Polygon Decomposition by J. Mark Keil contains the following algorithm (in unoptimised form):
diags = decomp(poly)
min, tmp : EdgeList
ndiags : Integer
for each reflex vertex i
for every other vertex j
if i can see j
left = the polygon given by vertices i to j
right = the polygon given by vertices j to i
tmp = decomp(left) + decomp(right)
if(tmp.size < ndiags)
min = tmp
ndiags = tmp.size
min += the diagonal i to j
Basically it exhaustively compares all possible partitions, and returns the one with the least diagonals produced. In this sense it is somewhat brute-force and optimal as well.

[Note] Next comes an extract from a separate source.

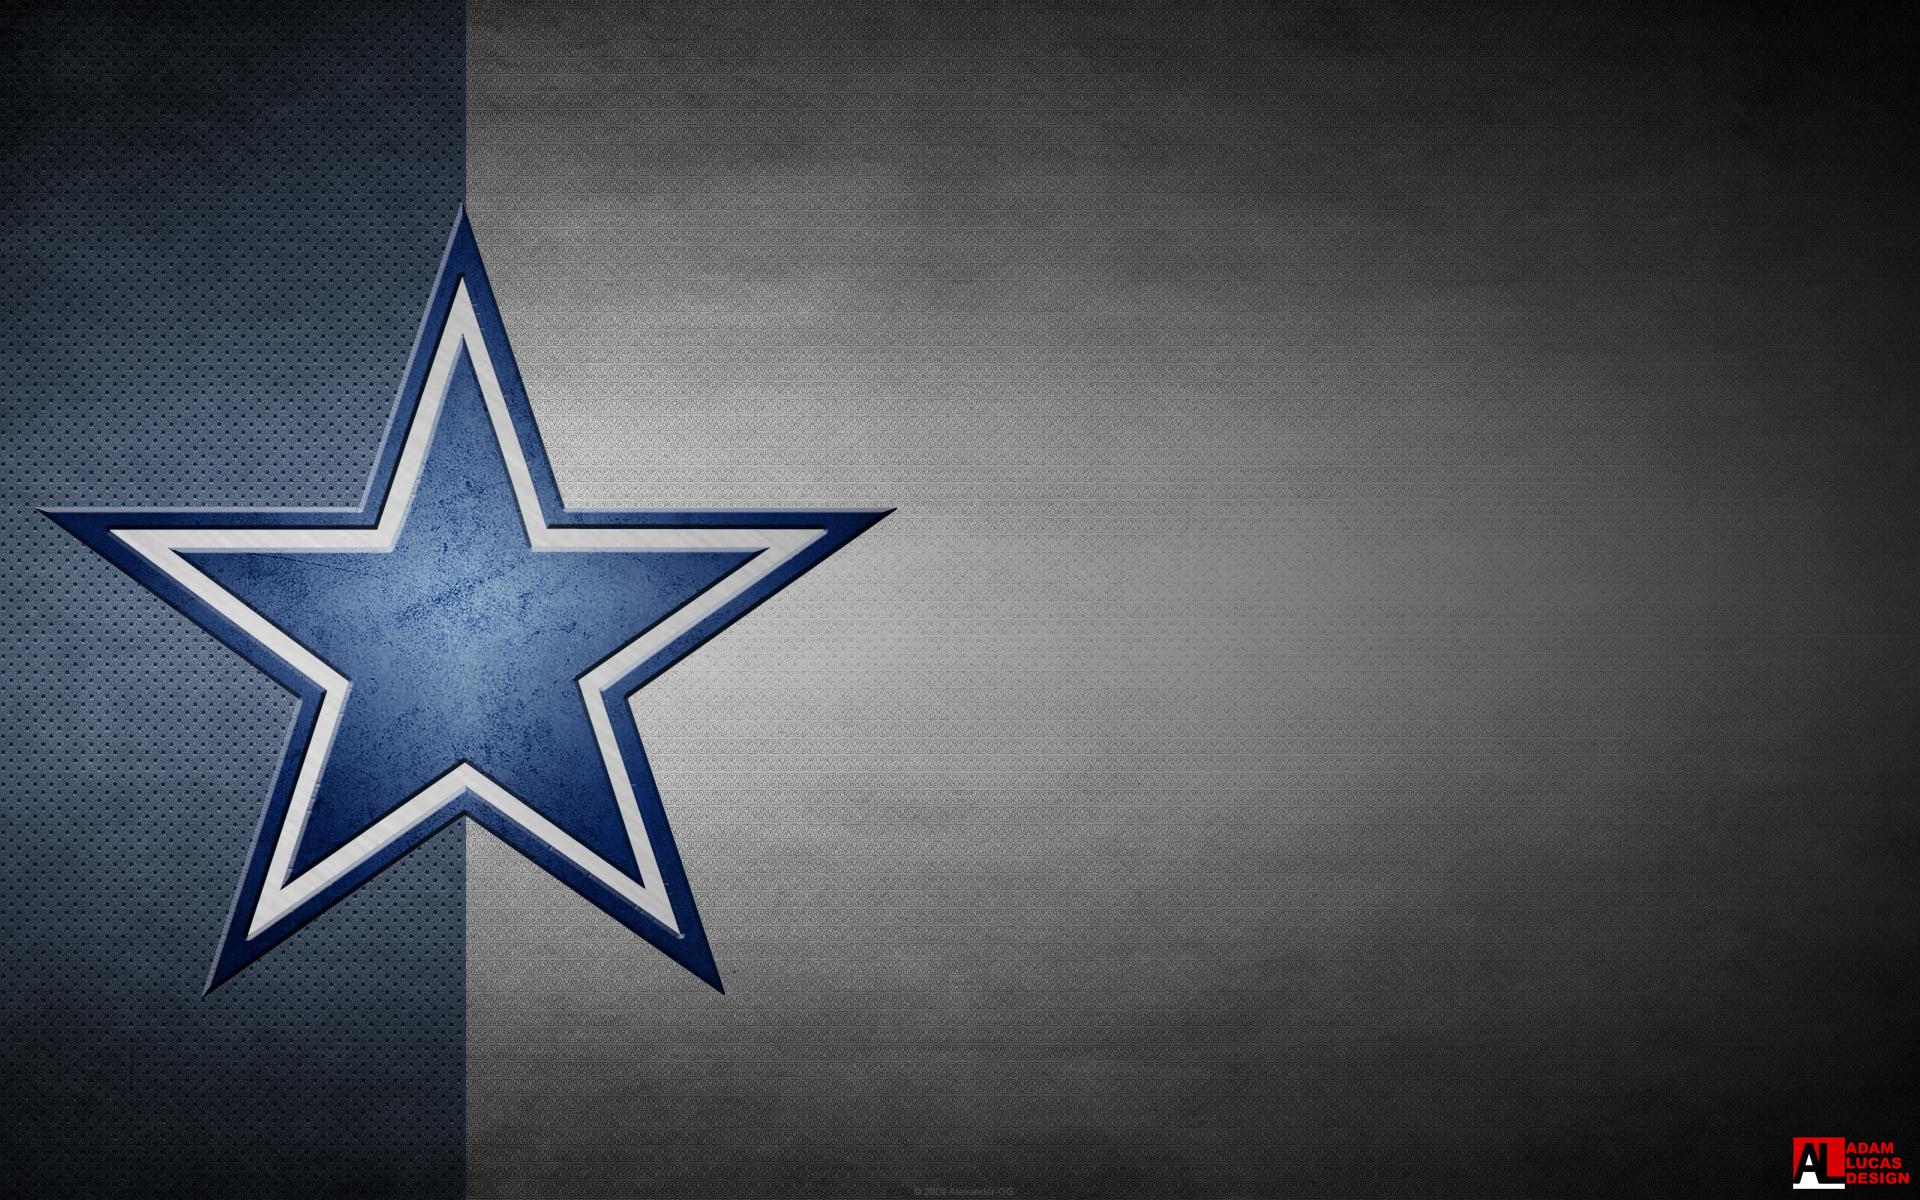 49+ Dallas Cowboys Free Desktop Wallpaper on WallpaperSafari

If you want "nicer looking" decompositions, that is ones that produce more compact shapes rather than elongated ones, you could also consider this one produced by Mark Bayazit, which is greedy (hence much faster) and looks nicer but has a few shortcomings. It basically works by trying to connect reflex vertices to the best one opposite to it, typically to another reflex vertex:
One of the shortcomings is that it ignores "better" decompositions by creating Steiner points (points that do not exist on an existing edge):
The problem in 3D can be similar; instead of reflex vertices, you identify "notch edges". A naive implementation would be to identify notch edges, and perform plane cuts on the polyhedron repeatedly until all polyhedra are convex. Check out "Convex Partitions of Polyhedra: a Lower Bound and Worst-Case Optimal Algorithm" by Bernard Chazelle for more details.
Note that this approach could produce worst case an exponential number of sub-polyhedra. This is because you could have degenerate cases like this:
But if you have a non-trivial mesh (think bumpy surface), you'll get poor results anyway. It's very likely that you'll want to do a lot of simplification beforehand, if you ever need to use this for complex meshes.